The rate of EV aggravation in the first year after B-RTO in our study was high, at 56.7 %. Differences in the rate of EV aggravation after B-RTO have been reported in recent studies, ranging from 17 to 63 % [9, 10, 11, 18, 33, 34]. This is due to differences in how aggravation of EV is defined and in the duration of follow-up. Some reports have defined EV aggravation as when “varices become enlarged, tortuous, or large and coil shaped, or when a red spot is observed” [18, 33, 34]. On the other hand, other reports have defined EV aggravation as when “red spots on EV and/or bleeding of EV is detected” [9, 10, 11].
Development of refractory ascites after B-RTO may become an issue . We experienced only one patient who developed refractory ascites after B-RTO in 67 patients. Furthermore, the patient underwent treatments for EV and hepatocellular carcinoma, which might be also related to development of refractory ascites. In this study, the follow-up time was relatively short (mean, 26 months).

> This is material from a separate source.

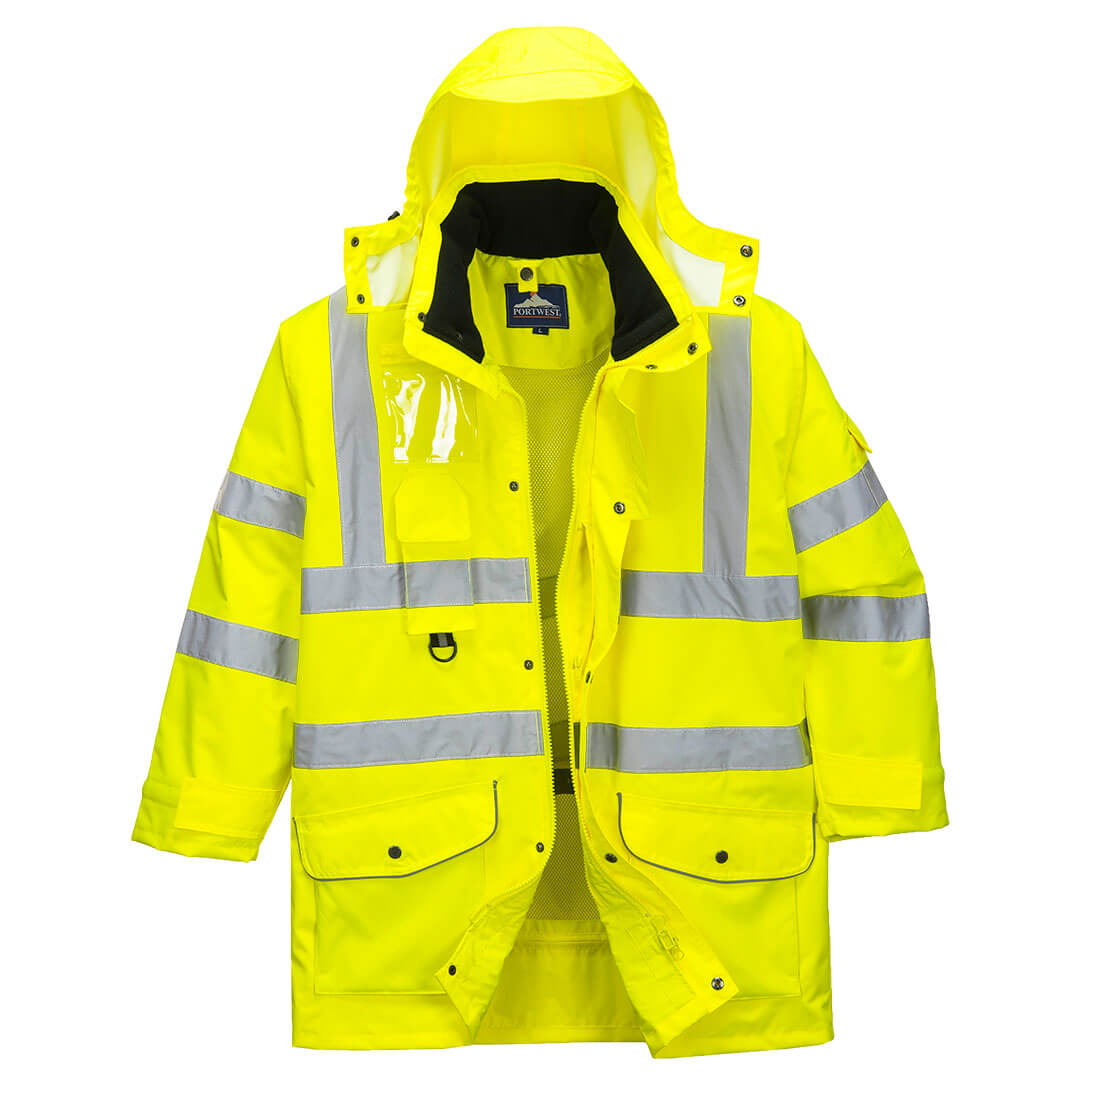 Image of Oxford Weave 300D Class 3 Hi Vis 7-in-1 Traffic Jacket Yellow 3XL

Further study of refractory ascites is needed.
Various limitations must be considered when interpreting the results of the present study. These include the retrospective nature of the study and a follow-up interval for endoscopy ranging from 3 to 6 months. Eighty-five patients were lost to follow-up, which may affect the results. In addition, patients treated for EV during the same hospitalization were excluded; such cases may have involved early aggravation of EV after B-RTO.
In conclusion, T-bil levels and HVPG were identified as independent risk factors for aggravation of EV at 1 year after B-RTO. The patients with T-bil ≥1.6 mg/dL or HVPG ≥13 mmHg had median aggravation time of 5.1 months after B-RTO. These types of patients require careful follow-up evaluation, including endoscopy.
Conflict of interest
The authors declare that they have no conflict of interest.